Kamran KHOSROVANI (Vallon 1967-1972)
Il y a 1 an
Peu de personnes le savent, vous avez aussi été mes chefs de maison. Comme je devais repasser mon baccalauréat ; la condition de rester à l'École était de m'éloigner du Vallon et des travaux pratiques.
Finalement, j'ai occupé, avec mon mai Pierre Larock, l'appartement du pasteur qui était libre. Je n'oublierai pas notre trajet dans la méhari vers Dreux pour l'oral d'histoire-Géo.
Vous m'aviez fait un rapide topo sur la Russie et son organisations politique, pays sur lequel j'avais fait l'impasse.
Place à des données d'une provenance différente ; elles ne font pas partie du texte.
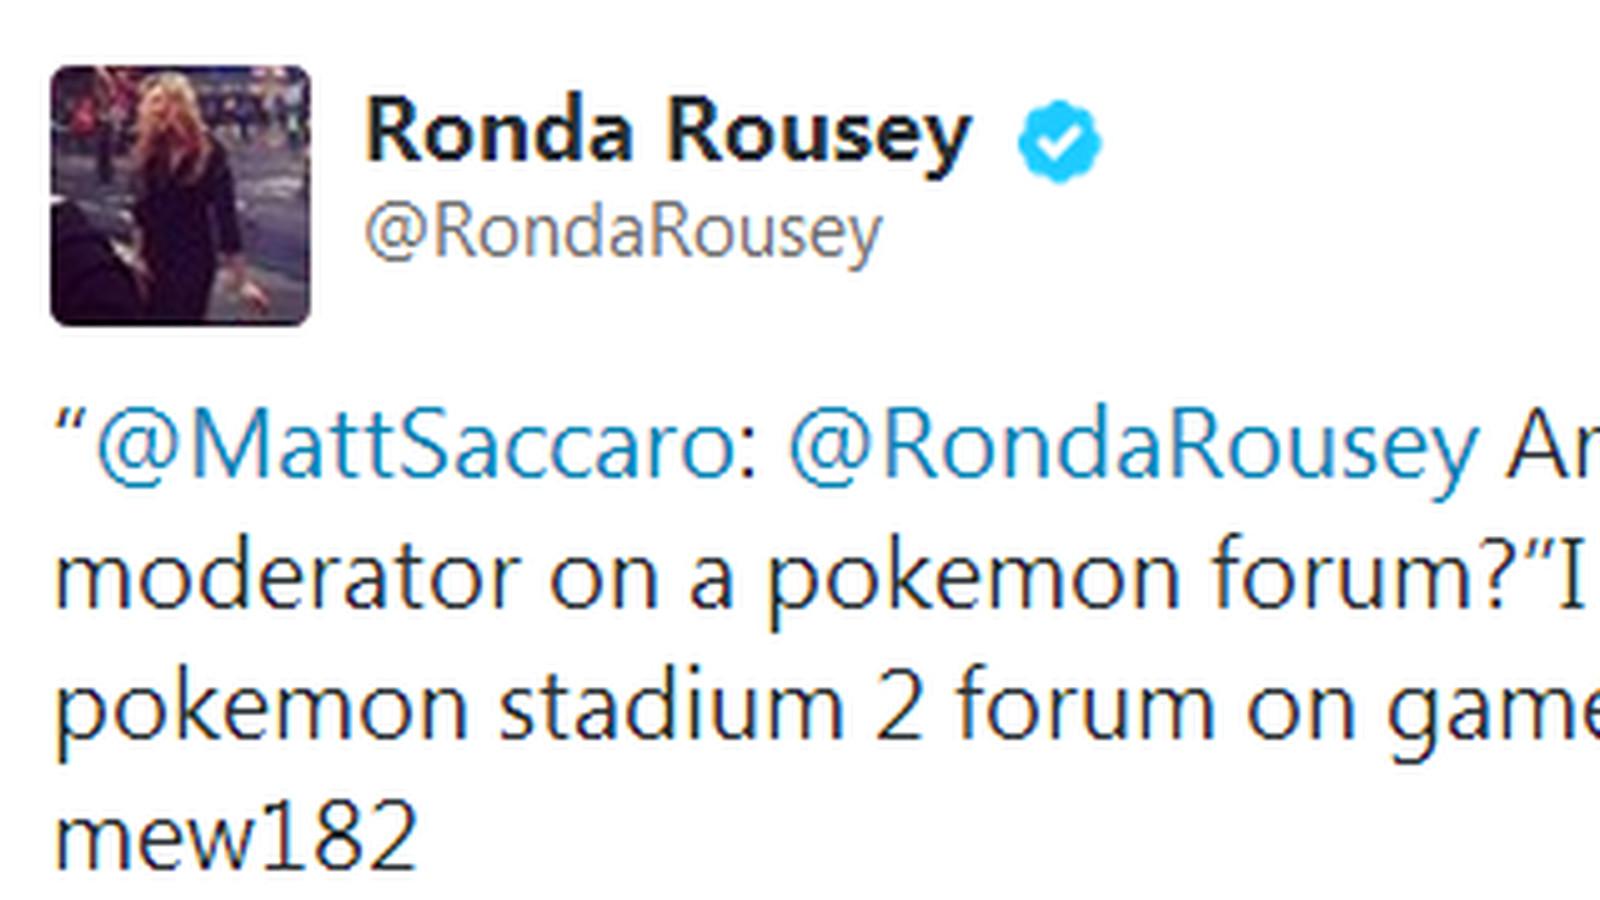 Ronda Rousey作为神奇宝贝论坛版主的形象非常棒
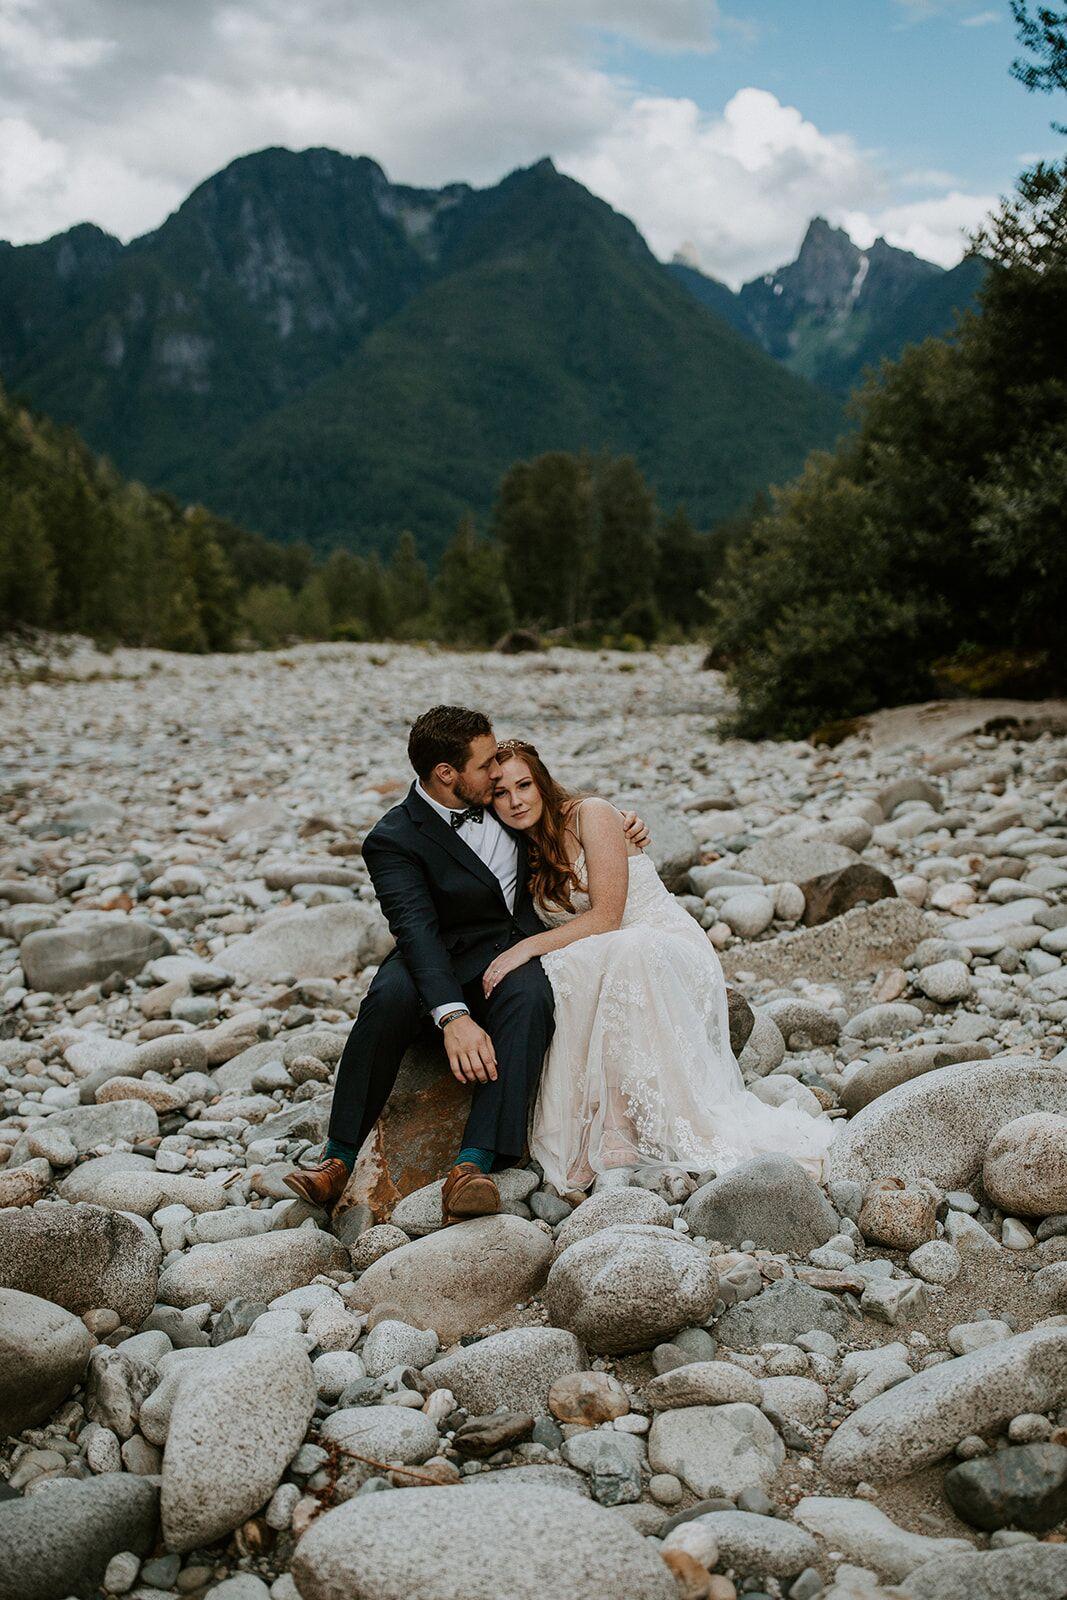 Blue-Sky-Ranch-Wedding-Block-Weddings-and-Events14.jpeg

Grace à vous et ma très bonne note sur le Japon, je m'en suis sortie avec un 16.
Jacqueline DEMEILLERS (Adulte ER Ancien 1964-1978)
Il y a 1 an
À cette époque, les examinateurs me demandaient si je voulais bien venir passer l'oral!!!!
Olivier MICHEL (Pins 1971-1974)
Il y a 1 an
Merci de m'avoir accueilli aussi chaleureusement dans votre jolie maison du Havre. L'AERN vous, remercie infiniment tous les deux de lui avoir fait parvenir par mon intermédiaire quelques documents "historiques" de l'école.
A très bientôt de l'autre coté de l'eau.